Nzingha Prescod (born August 14, 1992) is an American foil fencer, World Champion in foil at the 2008 and 2009 Cadet World Cups, bronze medalist at the 2015 World Fencing Championships, three-time medalist at the Pan American Games, and two-time Olympian. She has ranked as high as world # 5. Prescod was selected as an athlete director on the USA Fencing Board of Directors beginning in January 2021.

Biography

Prescod is a daughter of Marva Prescod and Homer Richardson, was born in New York City, and was named after Nzingha Mbande (a 17th century queen in what is now Angola, who fought against colonization by the Portuguese Empire).  Her mother is a Vincentian lawyer.

Prescod graduated from Stuyvesant High School in New York City in 2010. She graduated from Columbia University in 2015, majoring in Political Science, and fencing for the Columbia Lions fencing team. Fencing for Columbia, in 2010-11 she was named Ivy League Rookie of the Year, and First-Team All-Ivy League. She took the following year off to train for the Olympics. In 2012-13 she was again All-Ivy. In her Columbia career, she was 117-19 in foil bouts.

She was World Champion in foil at the 2008 and 2009 Cadet World Cups. Prescod placed third in women’s foil at the 2011 Pan American Championships. In 2013, Prescod became the first US women’s foil fencer to win a Grand Prix title when she won the gold medal at the Marseilla Foil Grand Prix in France. She finished third in the Division I Women's Foil at the 2015 January NAC.

Prescod competed in the individual women's foil event of the 2012 Summer Olympics, at 19 years of age, where Prescod was defeated 10-15 in the table of 32 by Hungary's Aida Mohamed. In the team event Team USA lost to South Korea in the quarter-finals, and finished 6th after the placement matches.

She was a bronze medalist at the 2015 World Fencing Championships.

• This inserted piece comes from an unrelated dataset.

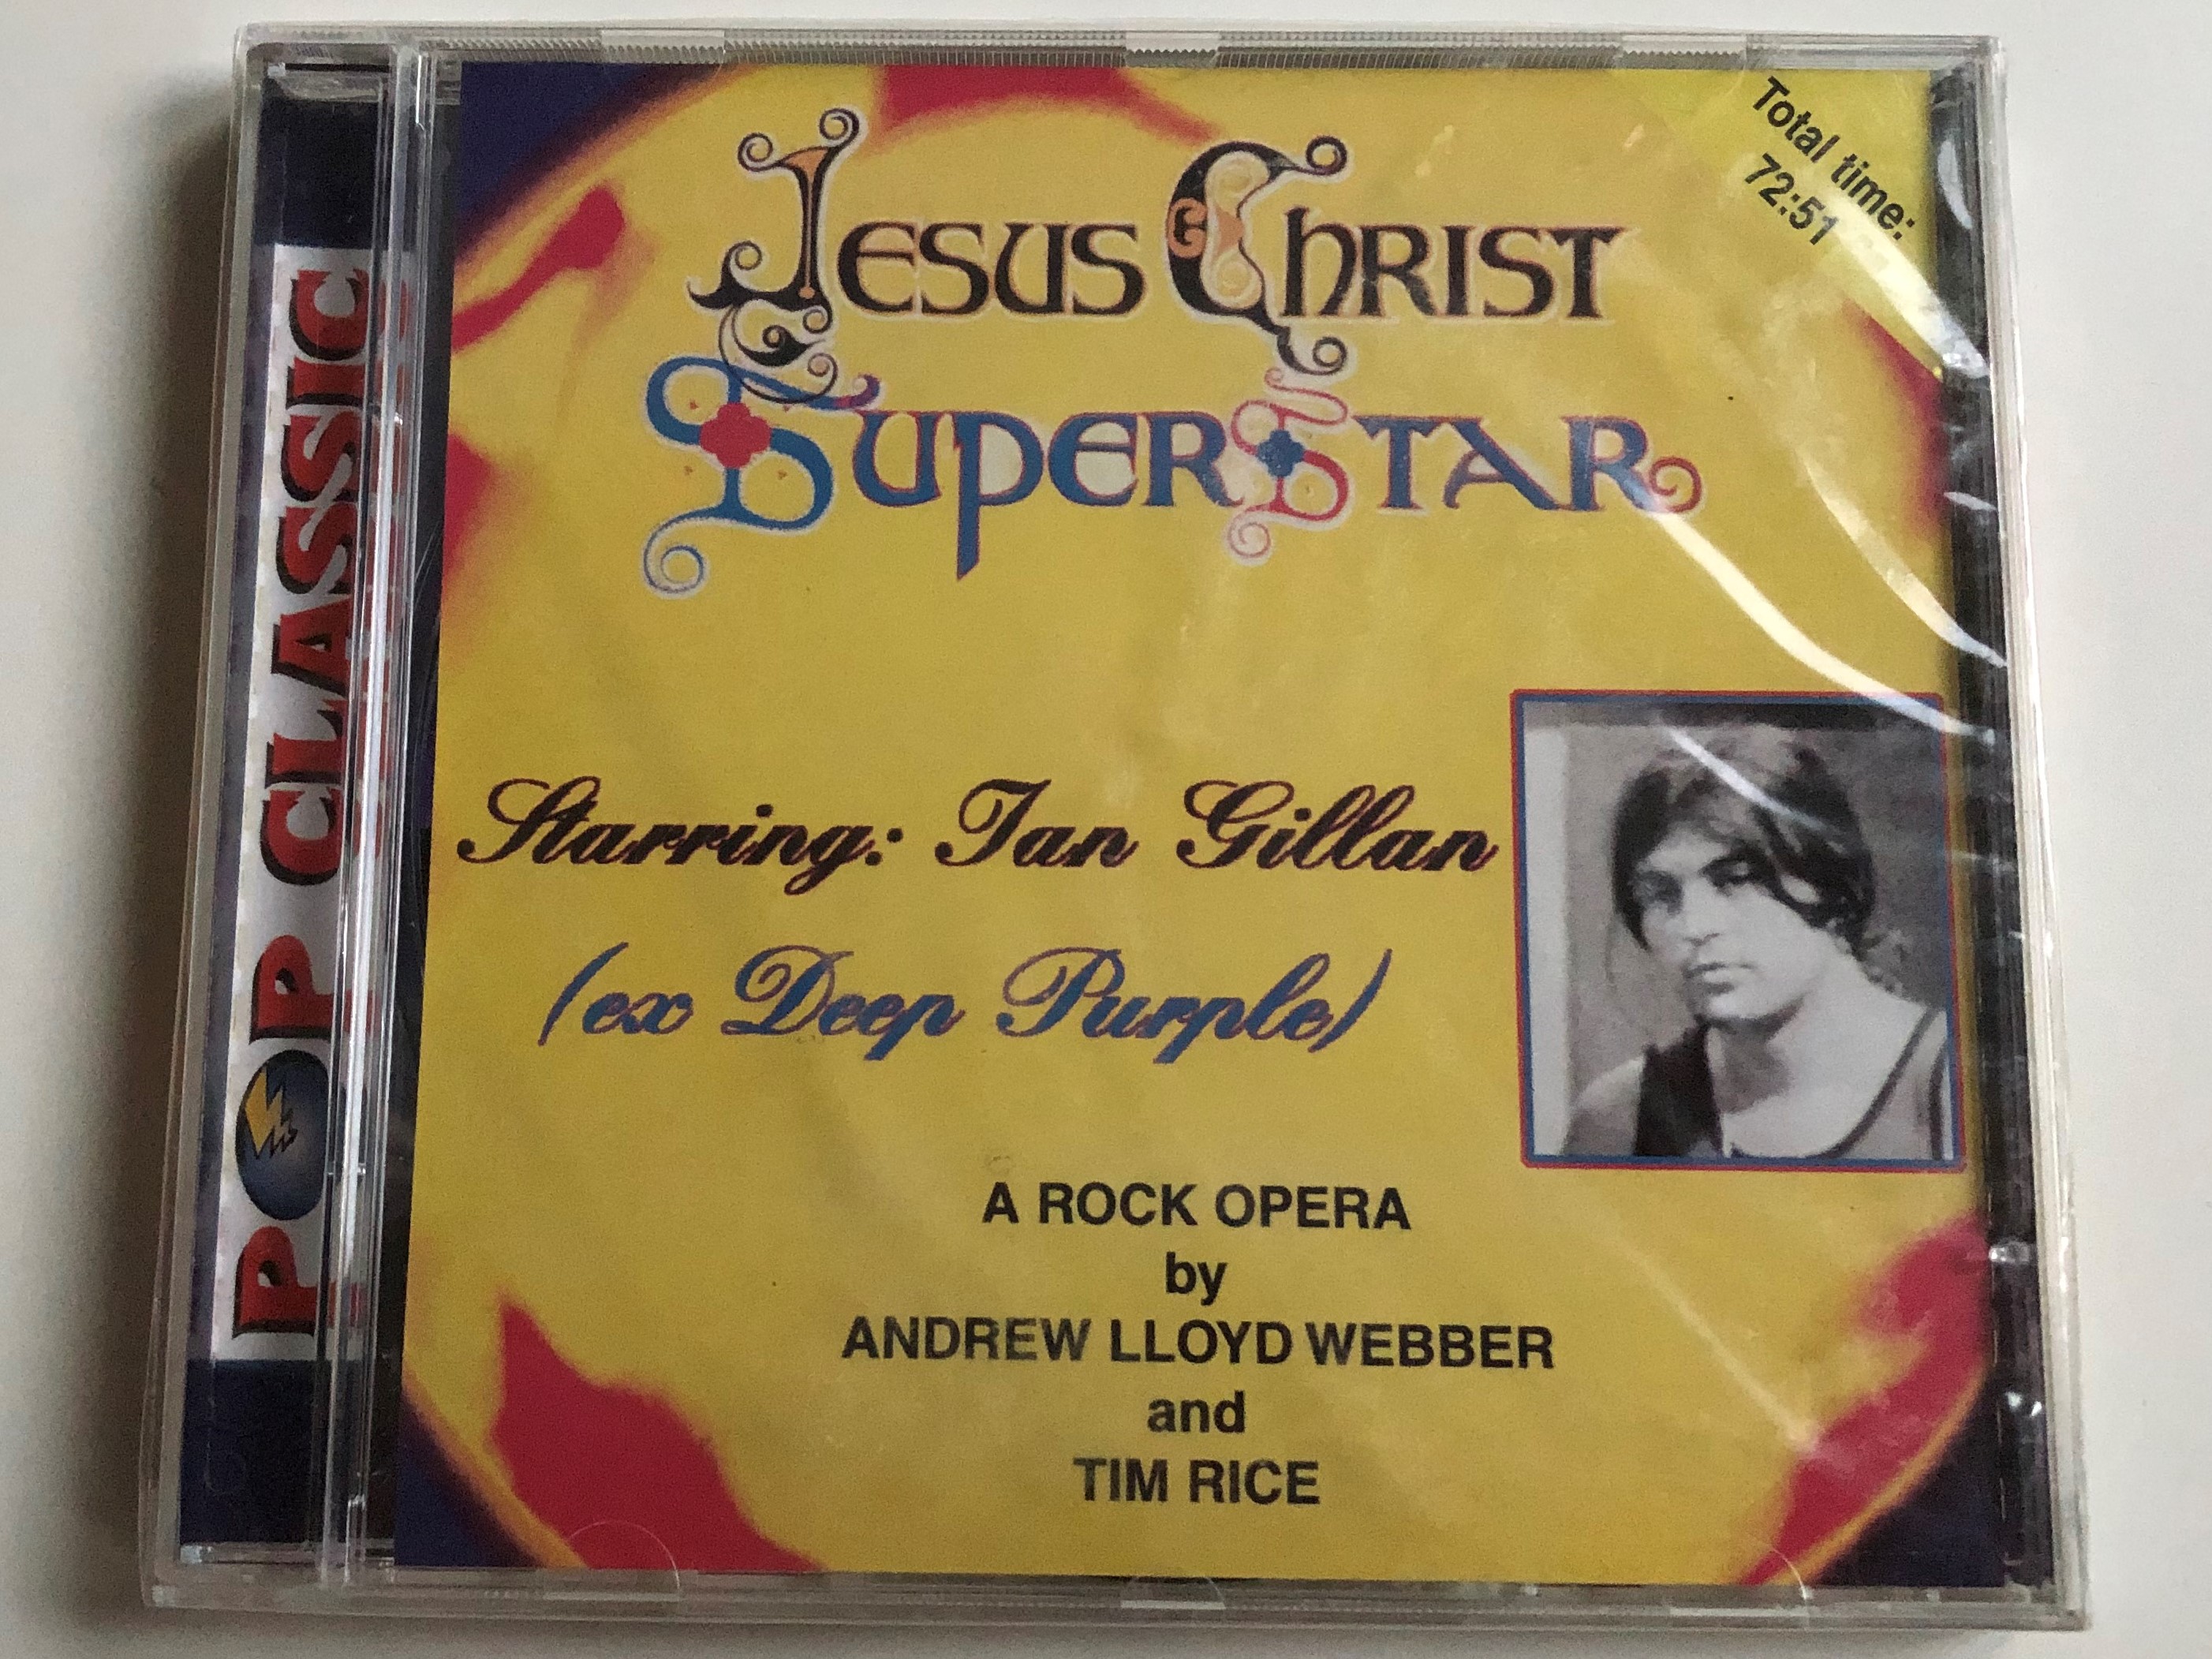 jesus-christ-superstar-starring-ian-gillan-ex-deep-purple-a-rock-opera-by-andrew-lloyd-webber-and-tim-rice-pop-classic-euroton-audio-cd-eucd-0023-1-.jpg

Prescod fenced in the 2016 Rio Olympics at 23 years of age, and came in 11th.

In 2016 Prescod was one of eight Olympians selected for a six-month internship with EY (the former Ernst & Young) through its Women Athletes Business Network.  As of 2020, she was working in data analytics for EY.

Prescod, suffering from avascular necrosis, trained and competed for a year in increasing pain.  In January 2020, facing the necessity of hip replacement surgery, Prescod announced her retirement from competition.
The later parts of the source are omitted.